Materiał powstał we współpracy z OTOMOTO
Pandemia zmieniła rynek motoryzacyjny. Na nowe auta trzeba się zapisywać. Dlaczego?
Przed pandemią zaczęliśmy odchodzić od mobilności indywidualnej, czyli korzystania z własnych samochodów, na rzecz komunikacji zbiorowej czy car sharingu. Większa świadomość wpływu motoryzacji na środowisko, w tym także na jakość powietrza w miastach, sprawiła, że zaczęły powstawać parkingi park and ride, umożliwiające pozostawienie auta na obrzeżach aglomeracji i dojechanie do centrum metrem, tramwajem czy autobusem. Podczas pandemii to podejście uległo wyhamowaniu. Ponieważ przebywanie w dużych skupiskach ludzi zaczęło kojarzyć się z narażeniem zdrowia, odwróciliśmy się od transportu publicznego i coraz częściej sięgamy po samochody osobowe. Własne auto daje poczucie bezpieczeństwa, pewność, że dotrzemy z punktu A do punktu B bez narażania siebie i innych, że będziemy mogli bezpiecznie przewieźć rodzinę. Jednocześnie wiele osób przeszło na pracę zdalną bądź hybrydową, ich dzieci również uczą się zdalnie. Samochód stał się jeszcze bardziej potrzebny do codziennego przemieszczania się. Pozwala wyjechać za miasto, gdzie można pracować zdalnie. Jest równie potrzebny, co przed pandemią, jeśli nie bardziej. Wiele wskazuje na to, że trendy rezygnacji z transportu publicznego jeszcze jakiś czas z nami pozostaną, bo nie wiadomo, ile potrwa pandemia.

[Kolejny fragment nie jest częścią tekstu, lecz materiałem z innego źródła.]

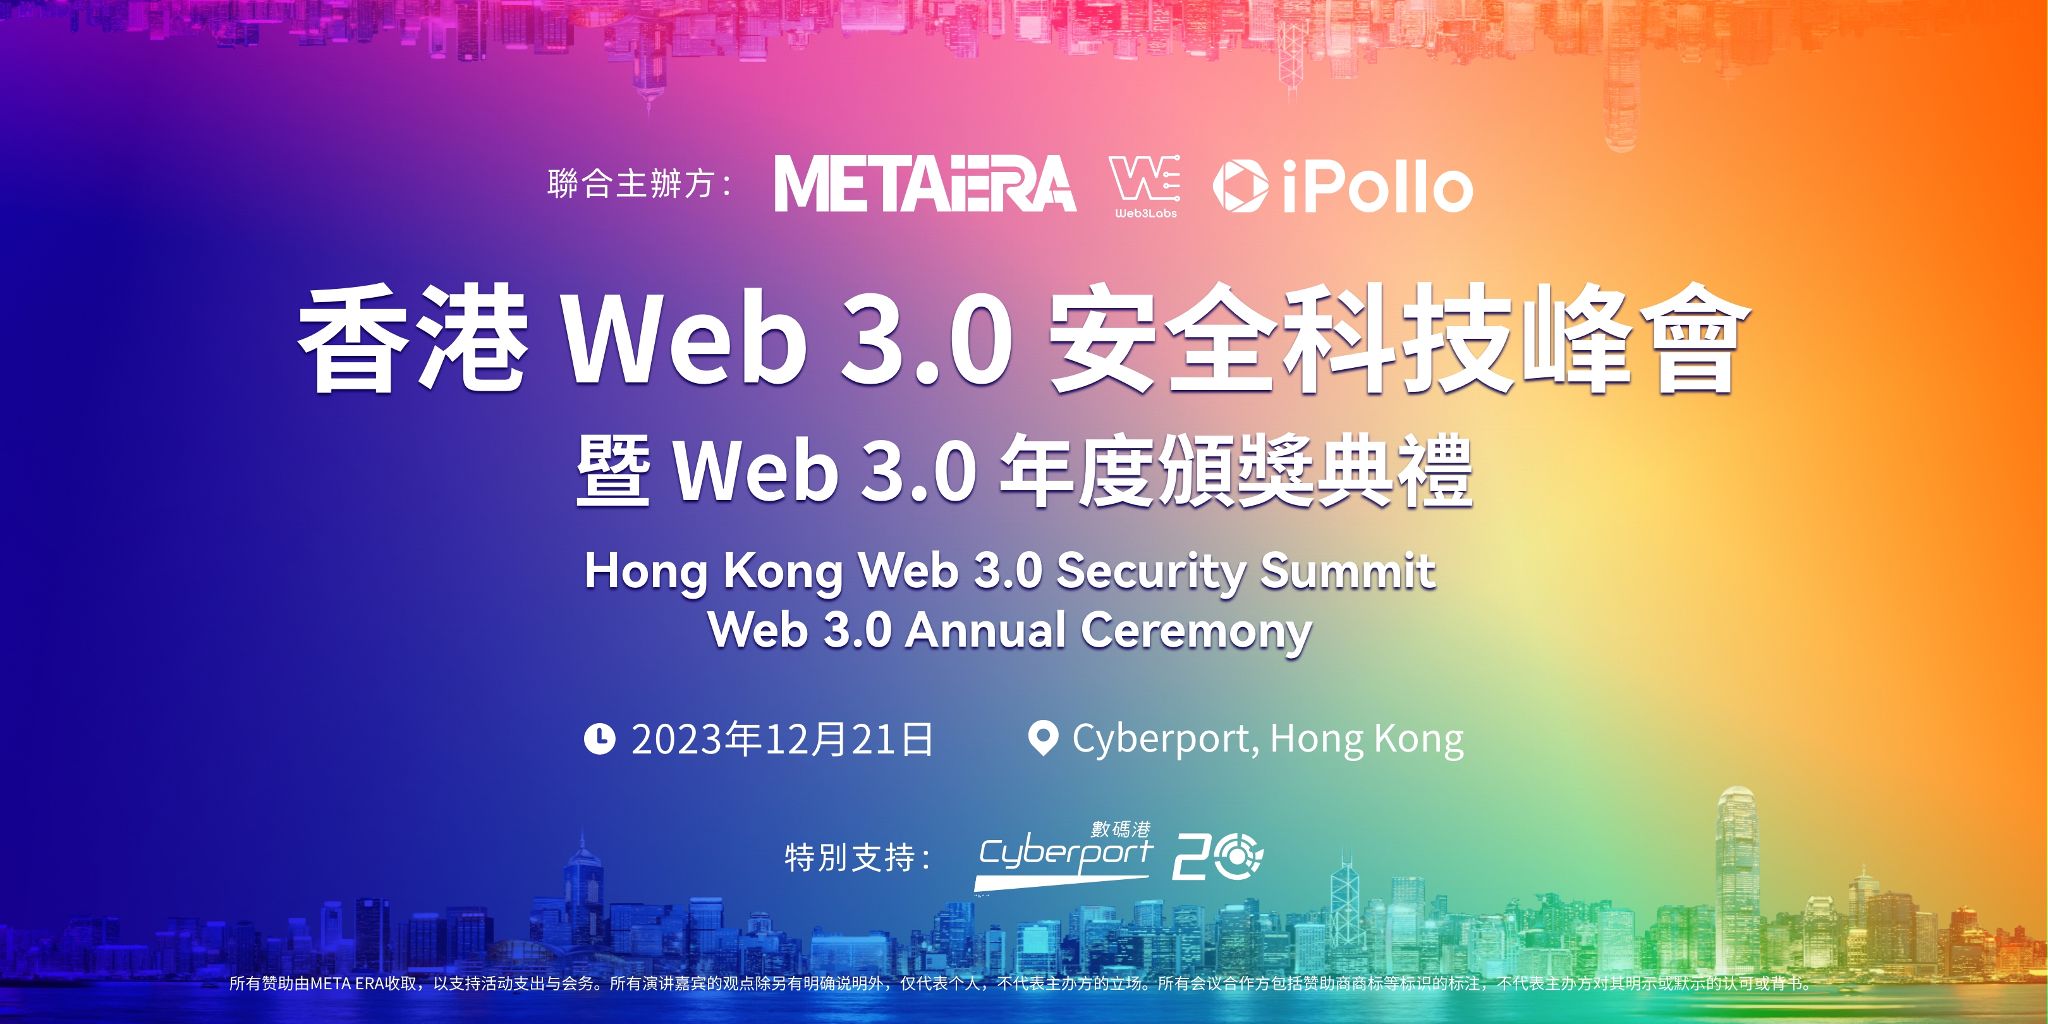 财政司司长陈茂波、数码港主席陈细明确认出席香港首届「 Web 3.0 安全科技峰会 —— 暨 Web 3.0 年度颁奖典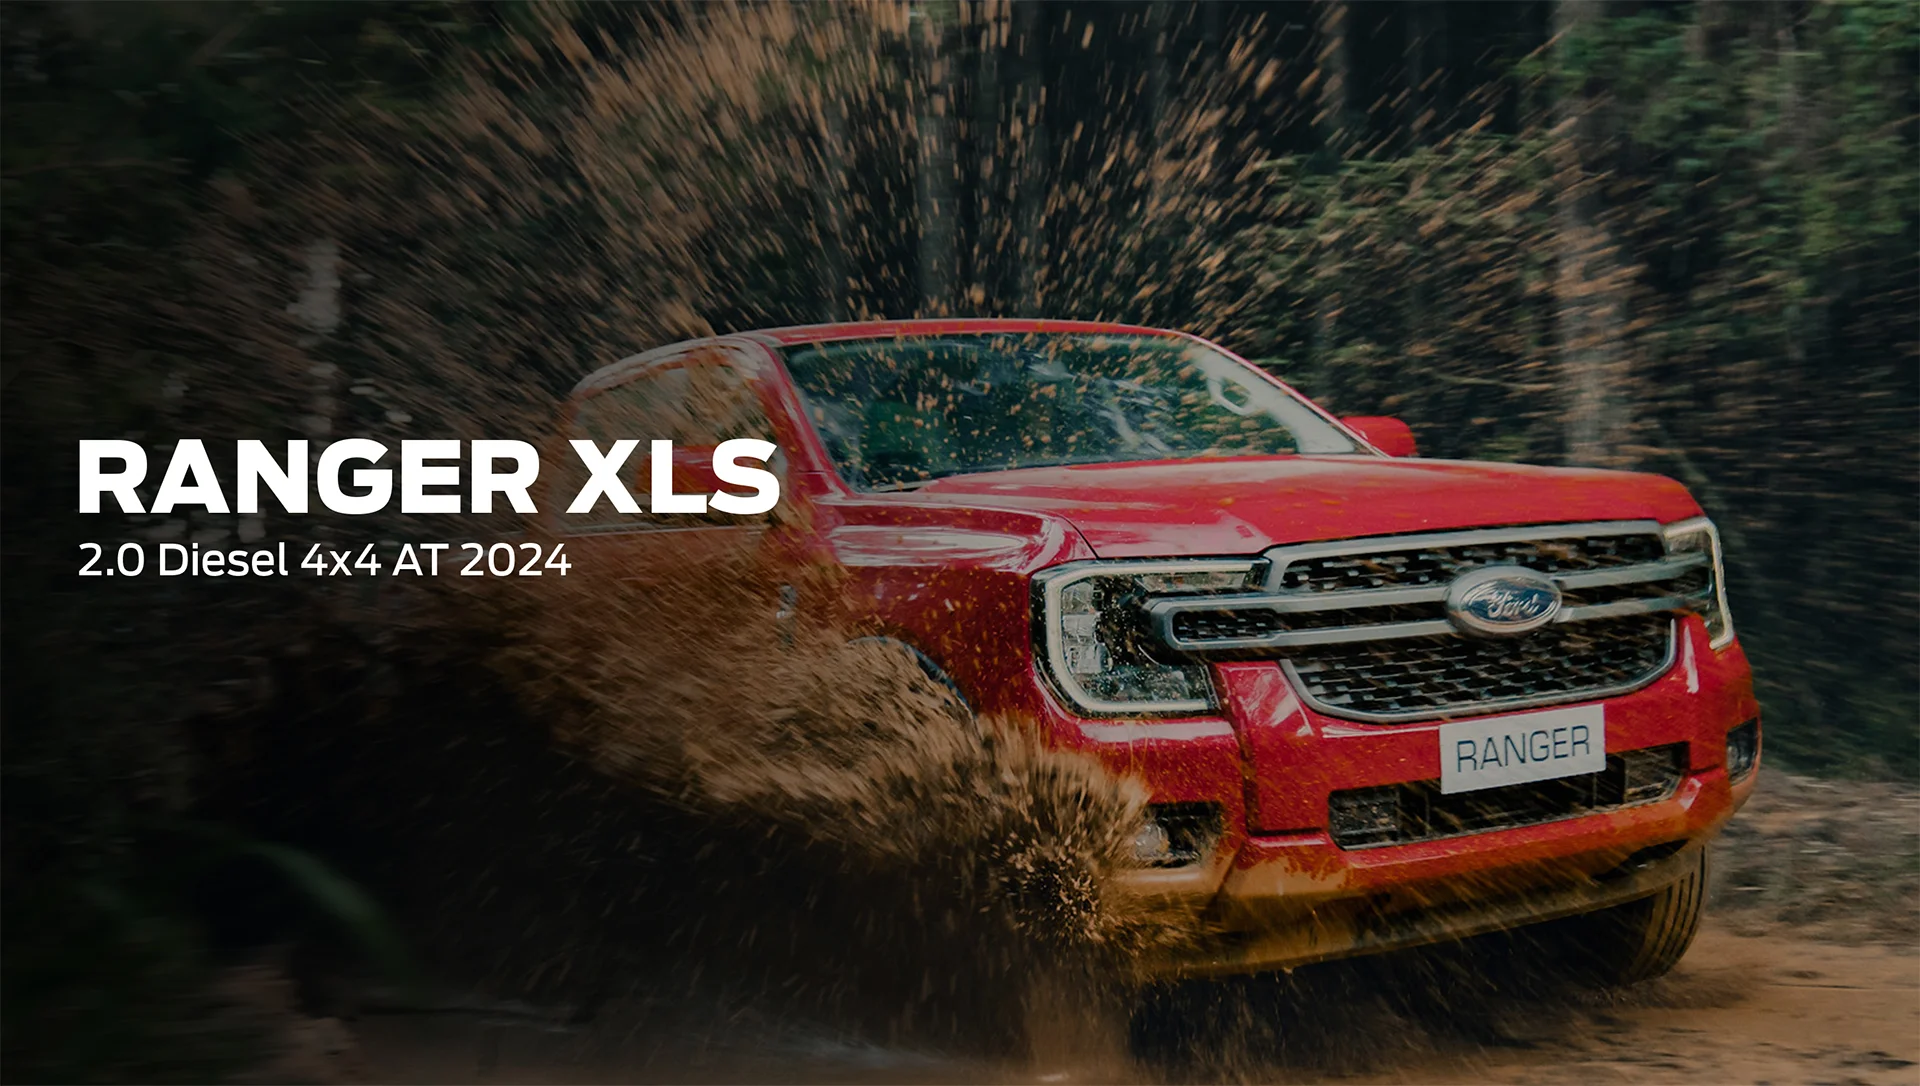 Ranger XLS 2.0 Diesel 4x4 AT 2024

Czy to dlatego tak trudno dziś kupić samochód, zarówno nowy, jak i używany?
Nie tylko dlatego. Pandemia wywołała spore turbulencje na rynku samochodów nowych. Zmalał on rok do roku o blisko 20 proc., a w niektórych krajach Unii Europejskiej nawet o blisko 30 proc. To sprawiło, że dotychczasowy cykl życia samochodów uległ zaburzeniu.